For large runs, curl_cffi exposes an AsyncSession that fits the concurrency patterns in Asynchronous Scraping with asyncio and httpx. It keeps impersonation while letting you fan out hundreds of requests without a thread per connection:

import asyncio
from curl_cffi.requests import AsyncSession

async def fetch_one(session: AsyncSession, url: str) -> int:
    """Fetch one URL and return its status code."""
    headers = {
        "User-Agent": (
            "Mozilla/5.0 (Windows NT 10.0; Win64; x64) AppleWebKit/537.36 "
            "(KHTML, like Gecko) Chrome/124.0.0.0 Safari/537.36"
        ),
    }
    response = await session.get(url, headers=headers, impersonate="chrome124", timeout=20)
    return response.status_code

async def main(urls: list[str]) -> list[int]:
    """Fetch many URLs concurrently with one impersonating session."""
    async with AsyncSession() as session:
        return await asyncio.gather(*(fetch_one(session, u) for u in urls))

if __name__ == "__main__":
    targets = ["https://tls.peet.ws/api/all"] * 5
    print(asyncio.run(main(targets)))

Edge Cases and Caveats

  • Profile availability is version-locked. A profile string like chrome131 only exists if your installed curl_cffi build ships it. Upgrade the package before assuming a newer browser is available, and pin the version in your lockfile so deployments stay reproducible.
  • TLS is not the whole story. Impersonation fixes the handshake, not JavaScript challenges. If a site returns an interstitial that must execute script, you still need a browser — see Bypassing Cloudflare and Akamai Protections.
  • Header order still matters. curl_cffi sets a browser-like default header order, but if you overwrite headers wholesale you can disturb it. Update headers rather than replacing the entire mapping, and include the Sec-Fetch-* values Chrome sends.
  • Do not mix clients mid-session. Falling back to stock requests for one call inside an otherwise impersonated flow leaks an OpenSSL fingerprint and can burn the session's clearance cookie.
  • HTTP/2 fingerprints exist too. Sophisticated vendors also hash HTTP/2 frame settings. curl_cffi profiles align these as well, which is another reason to rely on a named profile rather than hand-tuning TLS alone.

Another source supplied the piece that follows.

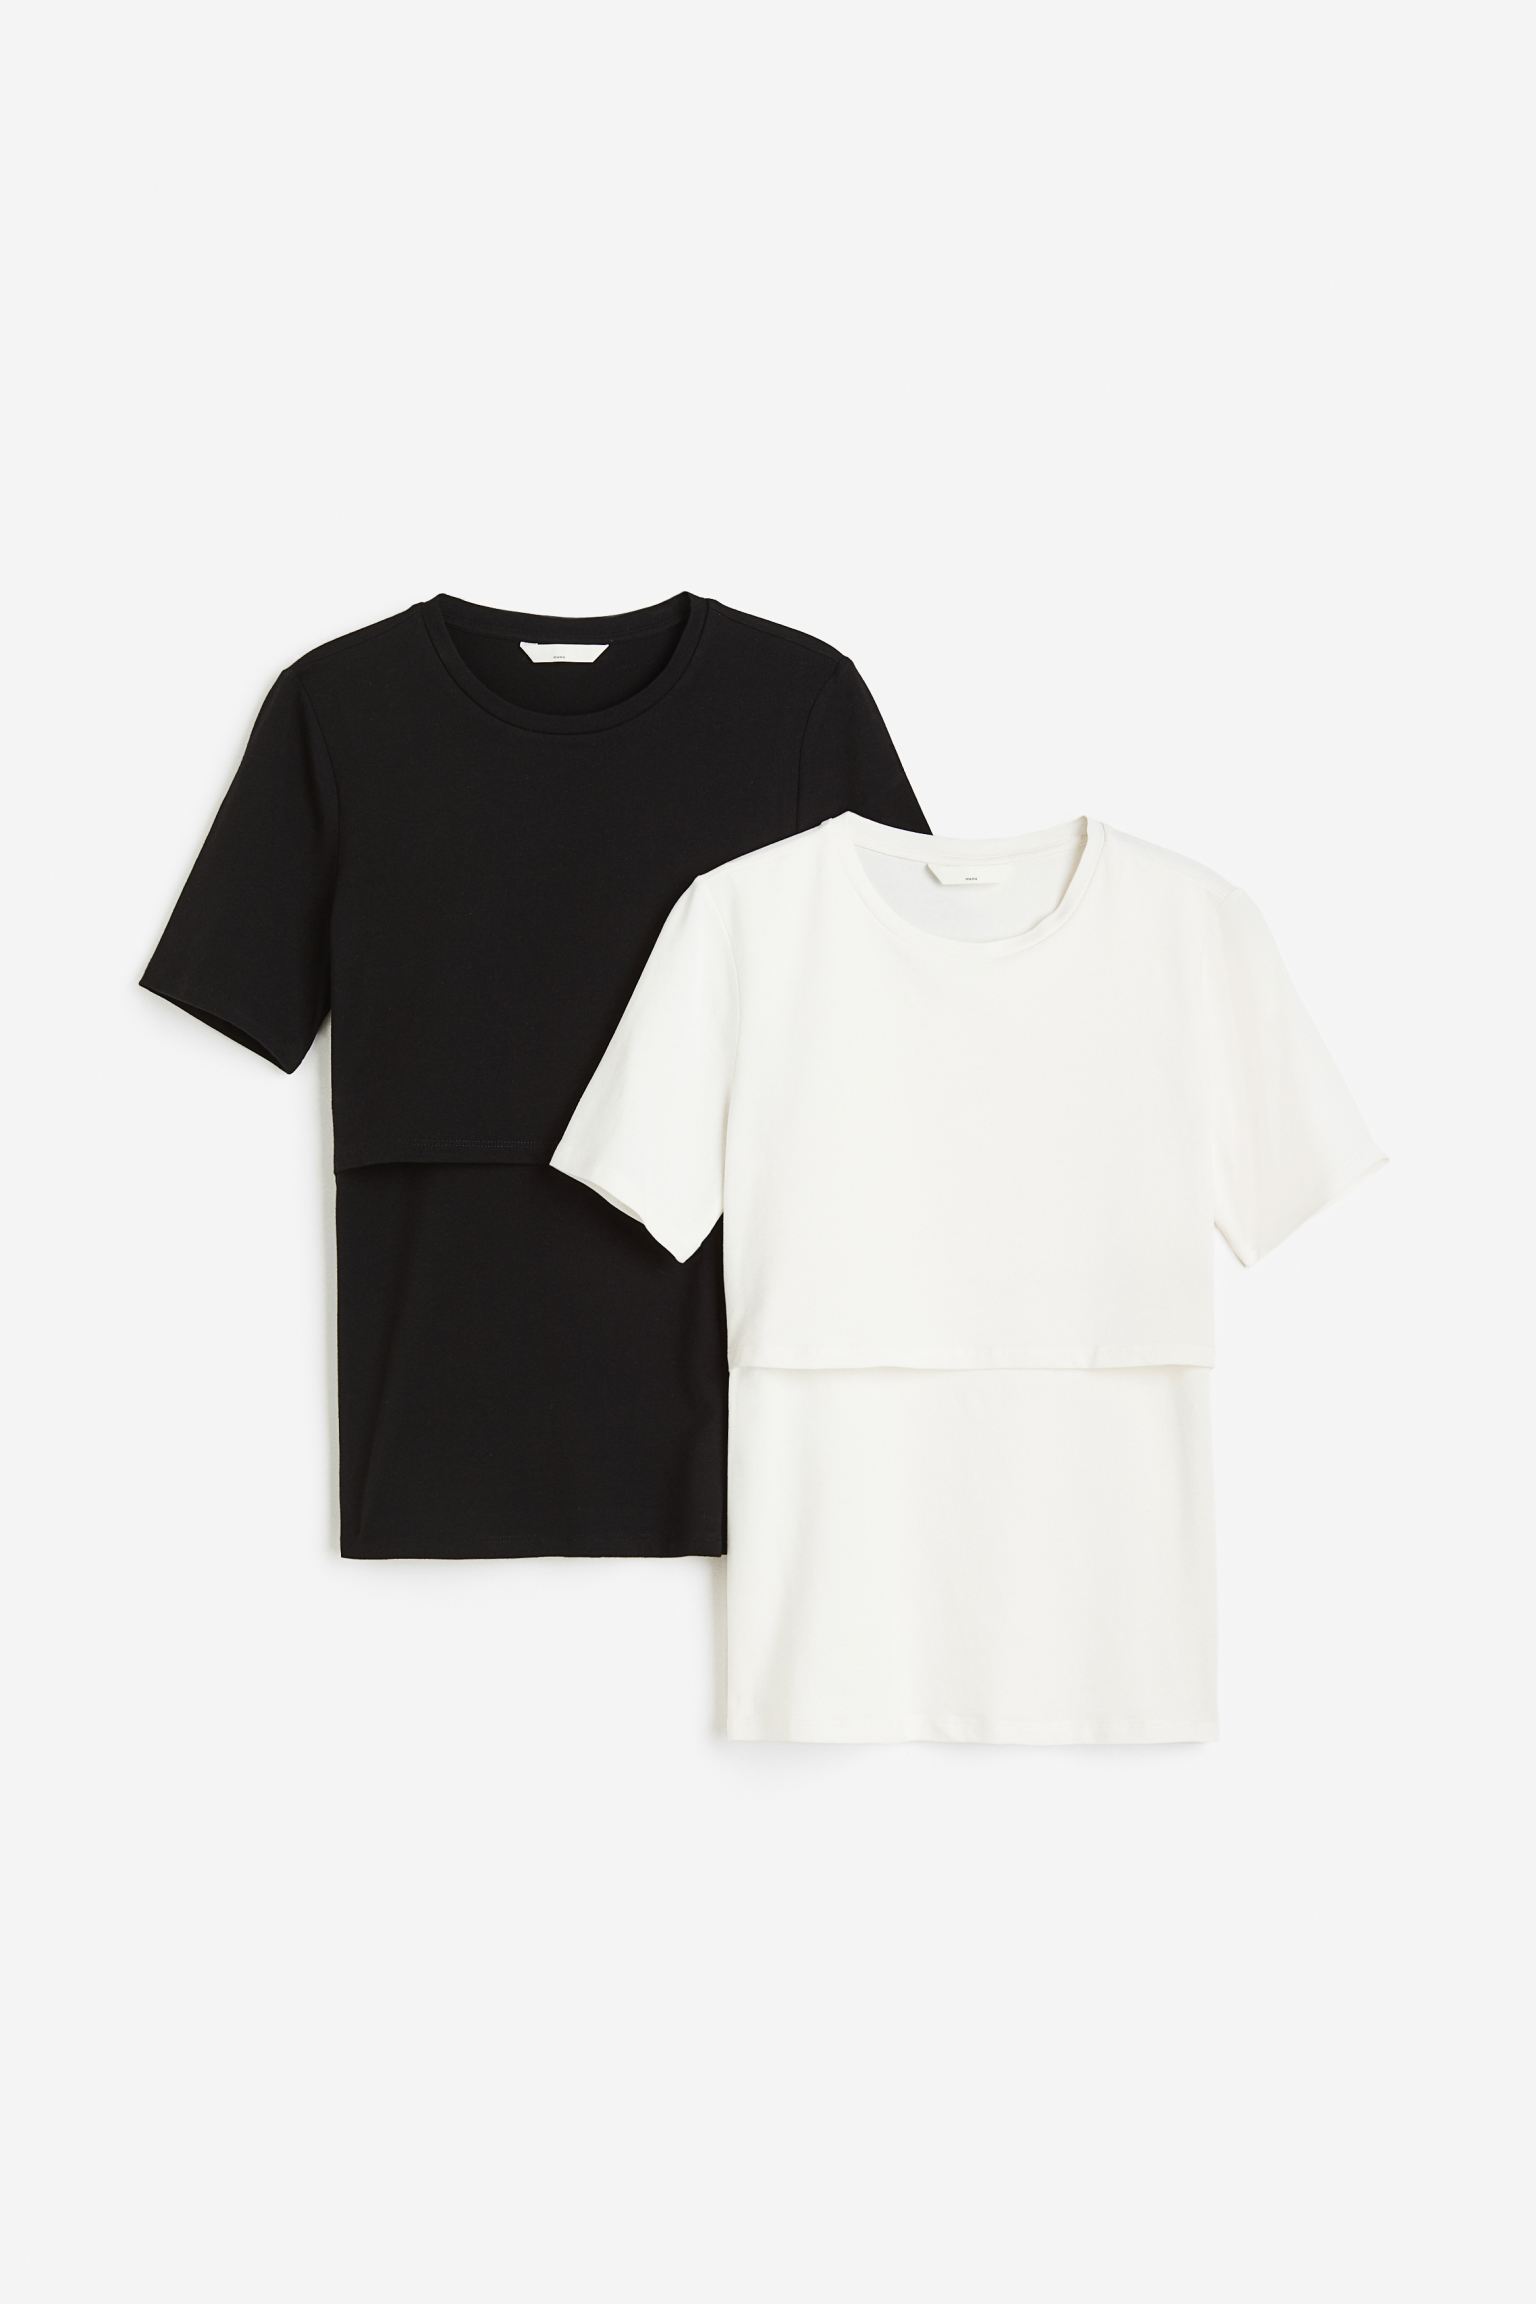 Комплект футболок женских H&M 1175052002 черных M (доставка из-за рубежа)

Frequently Asked Questions

Does curl_cffi work with proxies? Yes. Set session.proxies or pass proxies={"https": "http://user:pass@host:port"} per request, exactly as with the standard requests library. TLS impersonation happens in the handshake and is completely independent of the proxy hop, so the two compose cleanly.

Which impersonate value should I use? Use the newest profile your installed version supports, such as chrome124 or chrome131, because anti-bot vendors increasingly distrust older browser fingerprints. Always pair the profile with a User-Agent naming the same browser build so the TLS and HTTP layers agree.

Is curl_cffi faster than a headless browser? Considerably. There is no browser process, DOM, or JavaScript engine — only a TLS handshake and an HTTP request — so it uses a fraction of the memory and CPU and scales to far higher concurrency, especially through the AsyncSession.

Can I use the same code I wrote for requests? Mostly. The API is intentionally requests-compatible, so changing the import and adding the impersonate argument covers the common cases. Session objects, proxies, cookies, and raise_for_status() behave as you expect.